Current stable tag slip status 23-Mar-2005

Wed Mar 23 21:12:49 PST 2005

Matthew Dillon wrote:

:Matt,
:
:Dodgy TCP/IP  - or even the possibility of it - is a
:'showstopper' to pushing this into a 'production' setting.
:
:Can a 'blueprint' be assembled and posted with all
:necessary environment, configuration, test procedures,
:and necessary documentation of same, so that some of
:us 'non-coders' can help with *relevant* tests?
:
:I can put 4 to 8 servers onto it over the next 48 hours, but
:am not sure where to start, what to look for, or what
:coders need as output from the process in order to
:isolate - and either fix or confirm as safe to ignore.
:
:Bill
    It's not quite so easy. 
If it was 'easy' I'd have asked a local script kiddie ;-)
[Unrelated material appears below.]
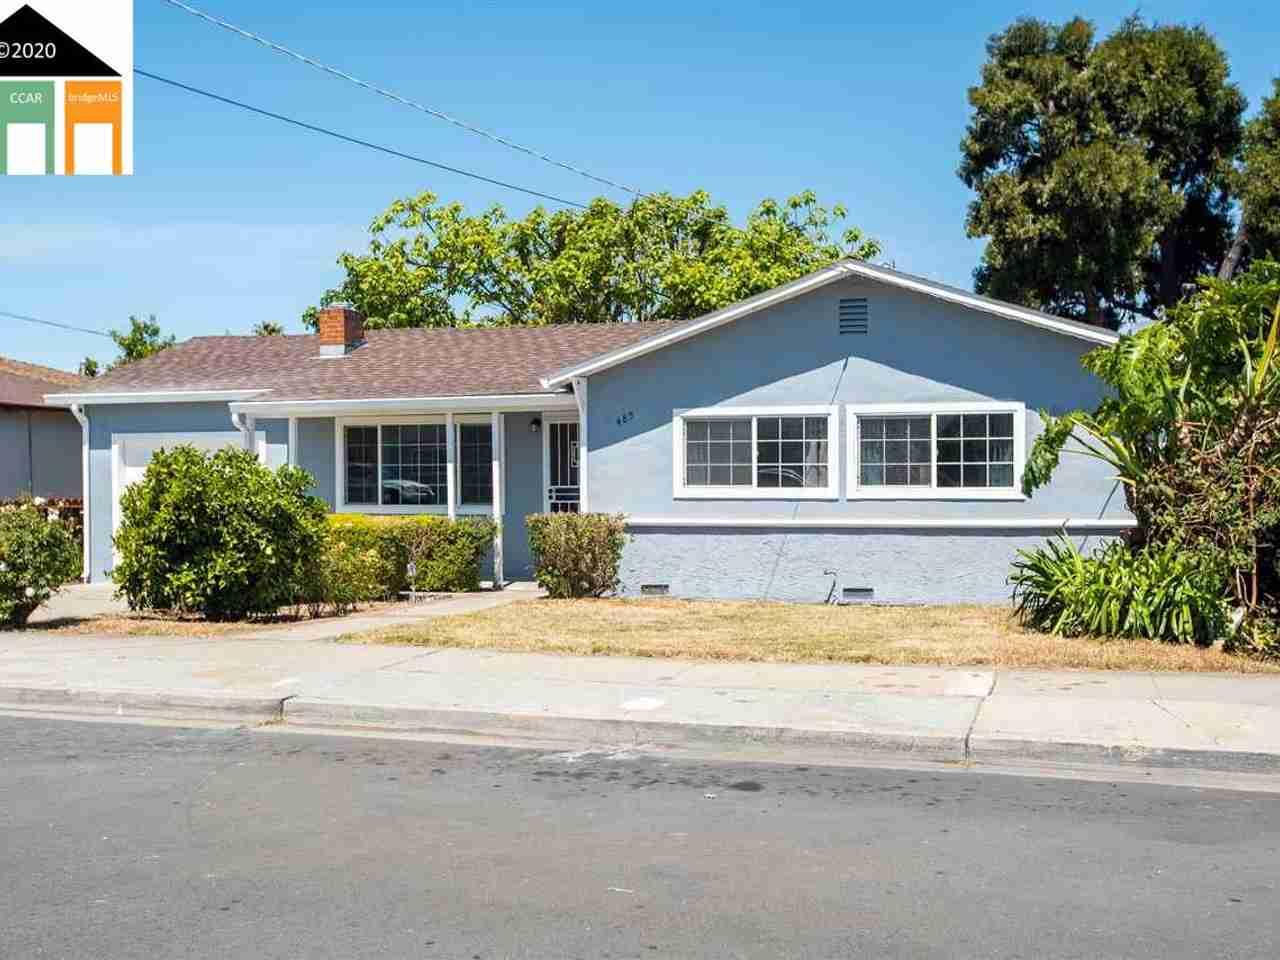 485 PAMELA CT Hayward, CA, 94541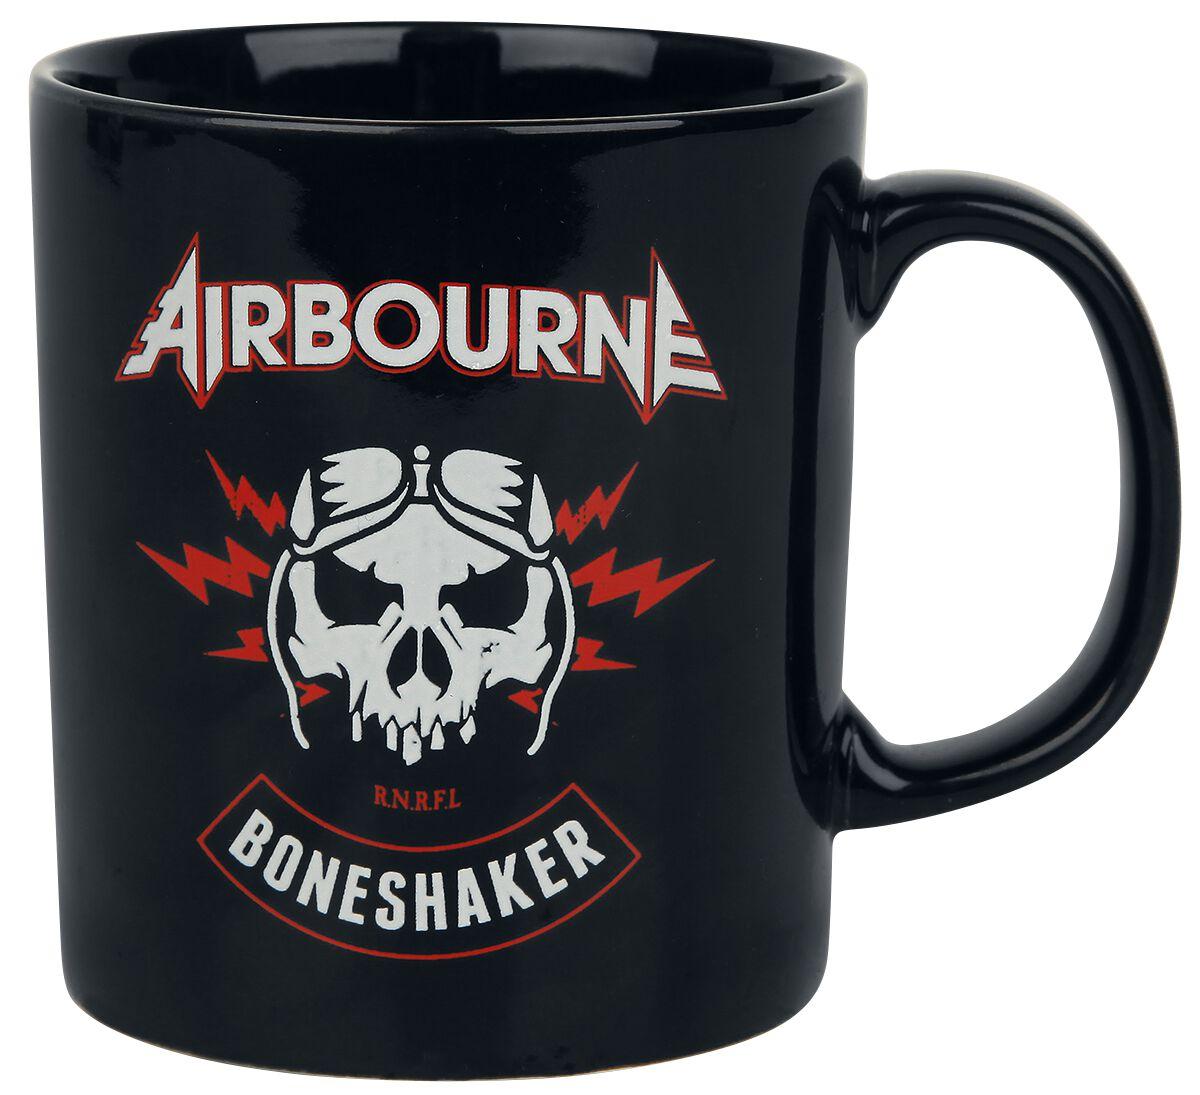 Image of Airbourne Boneshaker Tasse Tasse schwarz

    Just reproducing these issues can be a major
    task, because there are a huge number of unknowns... the kernel the
    originator was running might be old, the bug might have been 
    indirectly fixed by some other commit made later on, the originator 
    may be using odd compiler optimizations or (as in the case of the ppbus
    report) gcc-3.4 (which nobody running a production system should be using
    yet).  The particular hardware could bad, the issue could be driver
    related... the originator might have tweaked some sysctls in odd ways 
    that are causing problem.  There are a lot of unknowns.
ACK.  The very reason I was/am trying for 'group think' advice as to where
to look first...
    Most of the bugs were reported on machines running older kernels, and 
    those people are now trying to reproduce them on the latest kernels.
    This is a particular liability for TCP related bugs due to the number of
    bug fixes that have been committed recently.

IF any have NOT been reporoduced (at least by) by the
same folks on the same platforms, I am happy to
consider those 'no longer of interest'.
    If you want to have a go at reproducing some of these issues please do!
    I'm working on NFS right now.  If you have an SMP box see if you can
    reproduce the IPV4 connection issue reported by Peter Avalos.
Not running SMP presently. Can do, but this isn't a casus belli.

    I'll give a quick summary of where my thinking is on the issues still
    open.  The stable tag is still going to be slipped today regardless,
    because the existing stable has become a liability... there are just
    too many bugs that have been fixed since then, some quite serious
    (certainly more serious then a non-fatal repeatable tcp issue).  

ACK. Put that way, it makes good sense. Risk/reward ratio is positive.

    If we suddenly get a flurry of bug reports from other people related to
    these particular bugs, you can be sure that the issue will be tracked
    down quickly and fixed.
ACK.  A Fresh starting point, as it were.

    IPV4 connection problems    - still diagnosing (probably SMP related)
        (reported by Peter Avalos)
	This issue is either due to an (as yet unknown) wildcard listen
	socket problem or some resource is getting blown out and we just
	haven't figured out which resource it is.
	Symptoms:  connections to apache or ftp on localhost sometimes
	timeout, but then a few seconds later connect just find.  A packet
	trace shows the TCP connection requests going out but no
	acknowledgement or RST coming back.  Only one person has reported
	the problem, so we don't know if it is a software bug or if some
	resource is being blown out or if the machine is being attacked or
	what.
Archaeology in both cases. Neither ftp or Apache of current interest.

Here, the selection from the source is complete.